The title track, Andromeda, became the composition that defined him — even serving as the soundtrack to Planica ski jumping broadcasts, where it played during slow-motion replays. Hearing it, you understand why. It’s delicate, dreamlike, but also charged with a soaring quality that moves — whether in space or on snowy mountains — feel monumental.
Wizard is harder to track down these days, lost in the shuffle of scattered uploads, but the 2023 reissue has thankfully brought the album back into circulation in a gorgeous gatefold sleeve. It’s on my list to pick up — this is one of those records you want in physical form, not just on a playlist.
Finally, Pegaz closes things out in fitting fashion. It’s nostalgic, soothing, and contemplative, like the ship finally coasting into safe orbit. I can only imagine how perfect it must feel to put this on while stargazing, the music weaving itself into the night sky.
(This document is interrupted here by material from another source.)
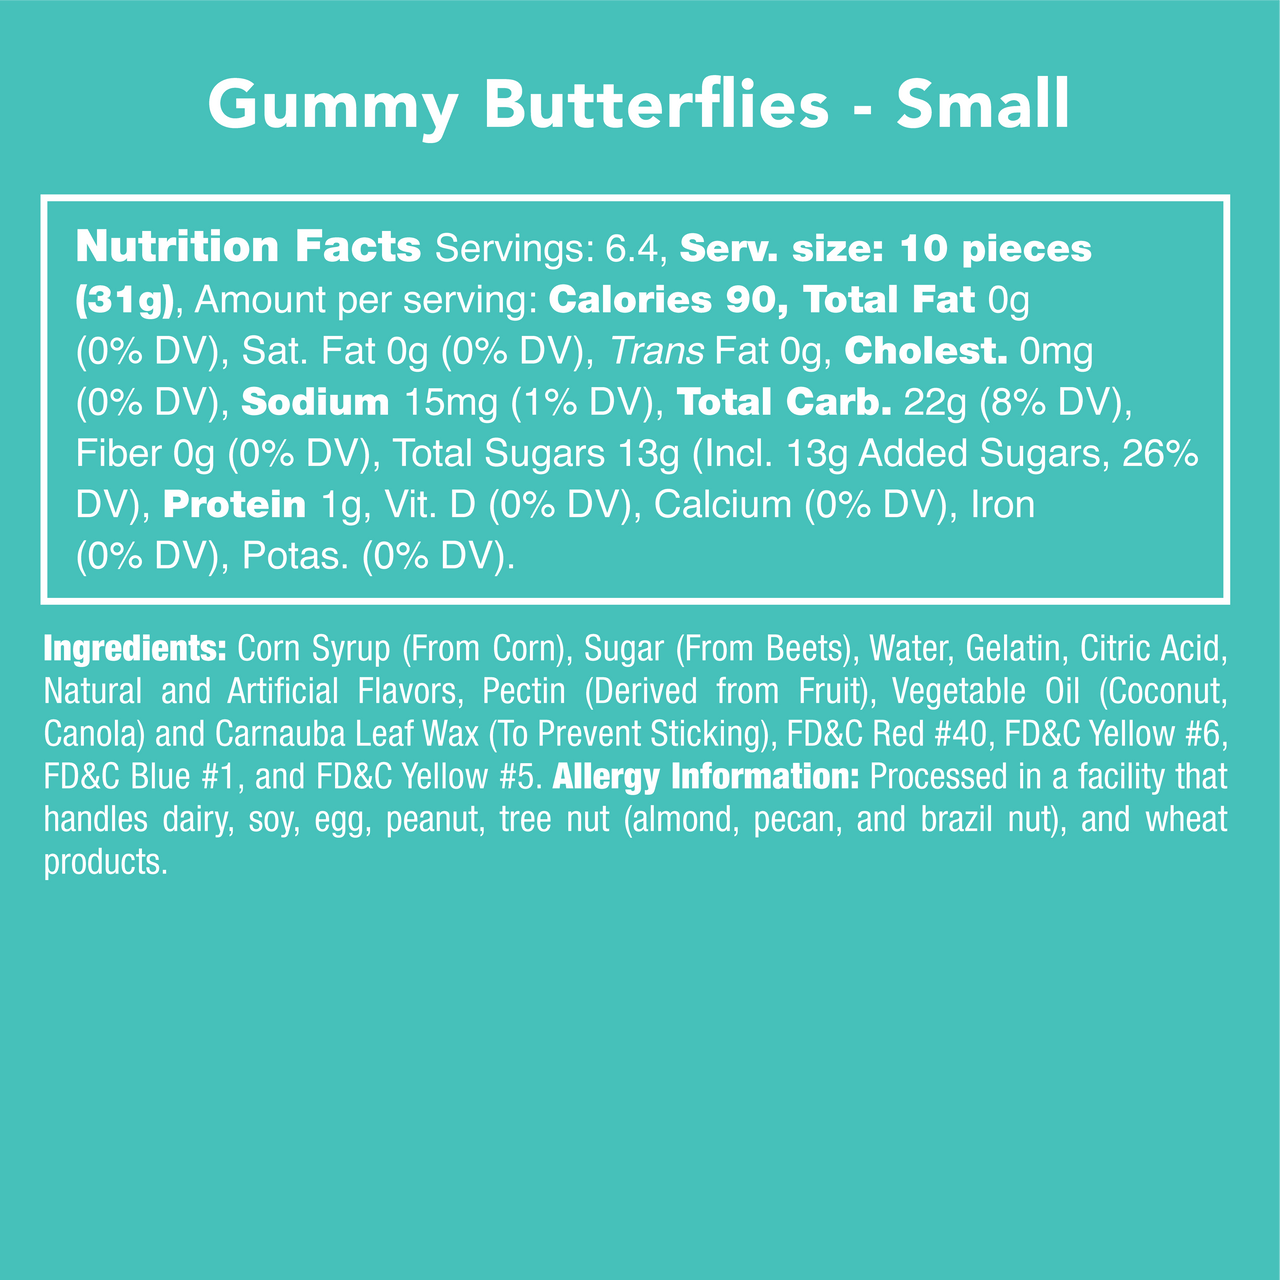 Candy Club-Gummy Butterflies Small Jar-RS0000-05-01-Legacy Toys

Listening to Andromeda today, it still feels ahead of its time. Not everything clicks perfectly, but when it does, it’s spellbinding — a rare Yugoslav record that looks not inward but outward, turning its gaze to the stars. For me, it’s less an album and more a galaxy — Andromeda — a place you step into for 35 minutes. A pioneering work, and one that shows just how wide the universe of Ex-YU music really was.